秦惊羽这小子,以前倒是小看了他,本想将其扶持上位作为自己的傀儡,竟被他反手一击,弄得如此狼狈!
那只藏有异物的枕头,他不过是睡了十来日,就是须发皆白,若非他早年曾得奇遇,恐怕早已莫名衰竭离世,只可惜…
大夏、西烈、东阳,这些个年轻后辈,近几年来羽翼渐丰声名鸦起不说,还结对抱团成了联盟,此时不灭,更待何时!
大军长途行军疲劳作战确实不妥,但是,葫芦谷中有南越军队负责收网,只须将他们赶进去,便是逼其入瓮,大功告成。
主帅下令,莫敢不从,北凉的先锋军率先冲上去,前方曲元的军队虚晃一枪,似不堪压力,跑跑停停,逐渐接近谷口。
并不见大夏与西烈的兵士装束,难道,三国联军的大队人马已经强攻进谷,留下个老将曲元在后方镇守?

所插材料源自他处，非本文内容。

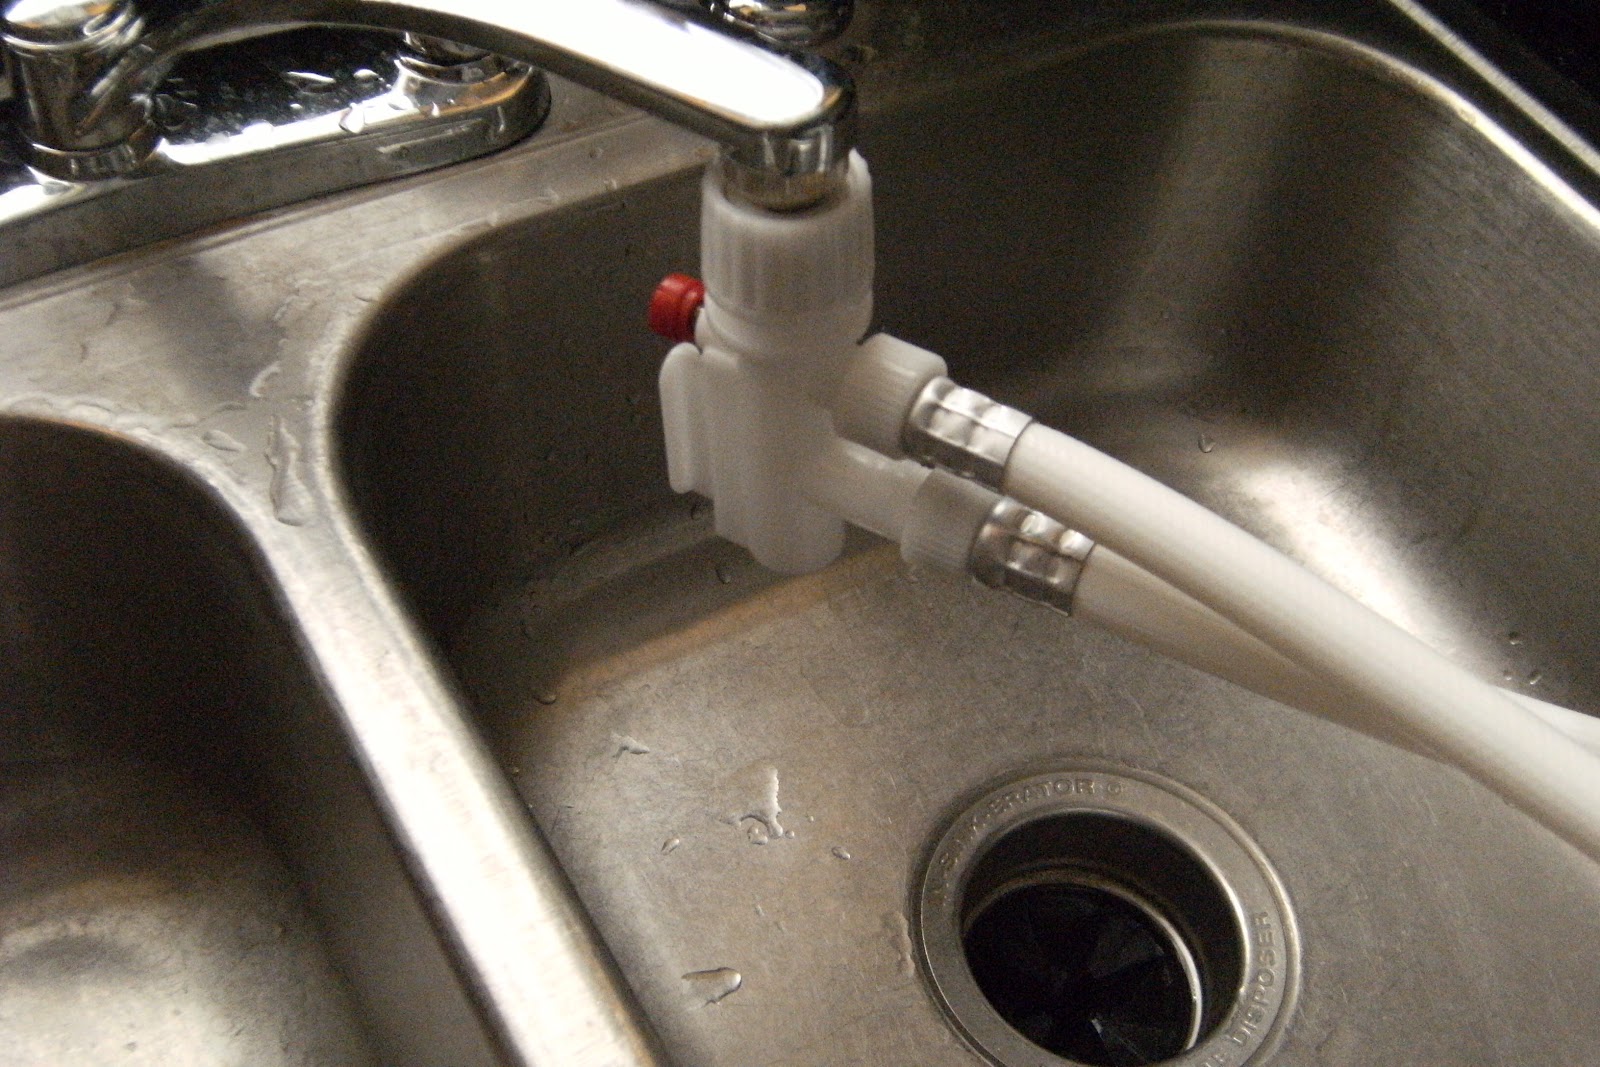 washing machine kitchen sink adapter

不是没怀疑过这奇怪的战阵,但此时的他就像是个红了眼的赌徒,老本押上,意欲一把翻身,报仇雪恨!
此外,风如岳的如意算盘也打得很精,就让谷中的萧冥去迎战联军主力,他就在后加一把火,解除盟友的后顾之忧就好。
正南方向陡然刮来一阵强风,风沙四起,冲天蔽日。
随行队伍中有人惊叫:“啊,是东阳亲卫!”
没错,那独有的紫金腰带,耀目的特制徽记,无一不昭示着来人的身份。
与东阳大王子轩辕墨寸步不离的亲卫亲来接应,几乎是彻底打消了风如岳的疑虑,手臂一抬,成千上万的北凉骑兵策马冲上去。
“传本王命令,活捉联军主帅!”
即便如此,他还是留下了军中最精锐的部队,守在身边,以防万一。
在北凉大军的迅猛冲击下,曲元虽有盟军接应,却仍是步步后退,落荒而逃,而东阳亲卫也跟在其后,一齐退入葫芦谷中,北凉大军乘胜追击,也随之进谷。
变故,在刹那间骤然发生!
当北凉大军一脚踏入葫芦谷,但见黄烟掠过,只在数丈之遥的东阳亲卫居然不见了!